In my recent post about humility, I observed that awareness of my eventual death helps me be less prideful and more humble. Shortly after completing that post, I read a quote in Andy Tix’s blog discussing another benefit of thinking about death. The quote was from Steve Jobs’ 2005 commencement address at Stanford University. Jobs said the following:
“Remembering that I’ll be dead soon is the most important tool I’ve ever encountered to help me make the big choices in life. Because almost everything – all external expectations, all pride, all fear of embarrassment or failure – these things just fall away in the face of death, leaving only what is truly important. Remembering that you are going to die is the best way I know to avoid the trap of thinking you have something to lose. You are already naked. There is no reason not to follow your heart.”
The point is a good one: the thought of our mortality renders many of our preoccupations meaningless or trivial. Jobs mentions being freed not only from pride but from a variety of other constraints. Anticipating death releases us from many of our fears—fears of what others may think, of our own discomfort or shame, of failure. It is a scalpel that cuts away what is unimportant.
Jobs seems to have confidence that, once liberated from pride and fear, we’ll be able to discover what is truly important. Later in his Stanford speech, Jobs gave the following advice:
“Your time is limited, so don’t waste it living someone else’s life. Don’t be trapped by dogma which is living with the results of other people’s thinking. Don’t let the noise of others’ opinions drown out your own inner voice. And most important, have the courage to follow your heart and intuition. They somehow already know what you truly want to become. Everything else is secondary.”
Jobs seems to be saying that recognition of what is important comes from within us. Gestalt therapist Fritz Perls referred to this as the “wisdom of the organism.” Other humanistic psychologists have roughly the same understanding of our inner nature. Thus, Carl Rogers claimed that “There is in every organism, at whatever level, an underlying flow of movement toward constructive fulfillment of its inherent possibilities.” Abraham Maslow wrote, “If it [i.e. our inner nature] is permitted to guide our life, we grow healthy, fruitful, and happy.” Jobs seems to agree that we possess an inner compass that serves as a prescient guide to how we should live.

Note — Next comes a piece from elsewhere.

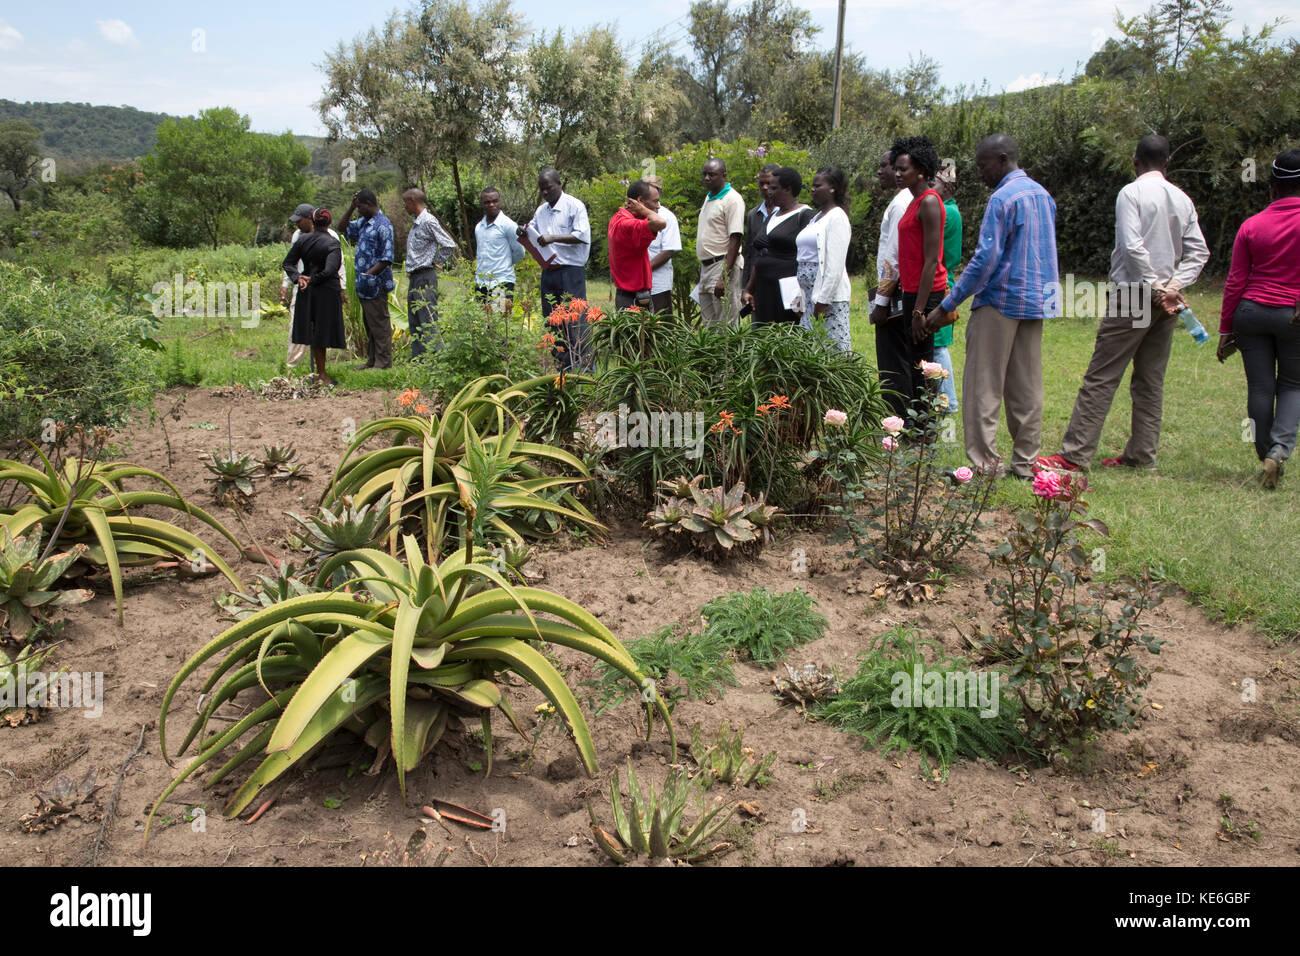 Afrikanische Besuchslehrerinnen Kräutergarten mit Heilpflanzen zu machen traditionelle Medizin Afrika Kenia Stockbild

It’s easy to think of counter-instances—people who followed their heart and intuition into a state of ruin. The humanists might object that such individuals weren’t truly attending to their inner nature; there’s probably no way to determine whether such people were or weren’t. As for Steve Jobs, his heart always led him in a particular direction. Something about his nature repeatedly drove him to design innovative and user-friendly electronics. Malcolm Gladwell, writing in the New Yorker about Walter Isaacson’s biography of Jobs, suggests that Jobs’ gift was not as an inventor but as a tweaker—someone who took existing technology and refined it. The Macintosh,, the iPod, the iPhone, and the iPad were not original, but were improvements on products or concepts already in existence. Jobs’ passion for creating the perfect phone or computer is much appreciated by millions of Apple devotees.
It’s hard to know whether what Jobs did was truly important; those who look back on his contributions in fifty or a hundred years will be in a much better position than we are to assess that. He was certainly consistent in pursuing what he thought mattered in life, though. The tendency to devote himself to the minutia of products, fussing with them until he was satisfied, persisted into his final days. Gladwell, citing Isaacson’s account, reports that, as he was dying, Jobs repeatedly poured over the plans for Apple’s new headquarters building, changing the details again and again until they pleased him. Then, in the hospital for the final time and deeply sedated, he ripped off the oxygen mask that the pulmonologist put on his face, mumbling that it was poorly designed and he wouldn’t wear it. What mattered to Jobs was the well-designed and perfectly functional object, and he pursued it to the last.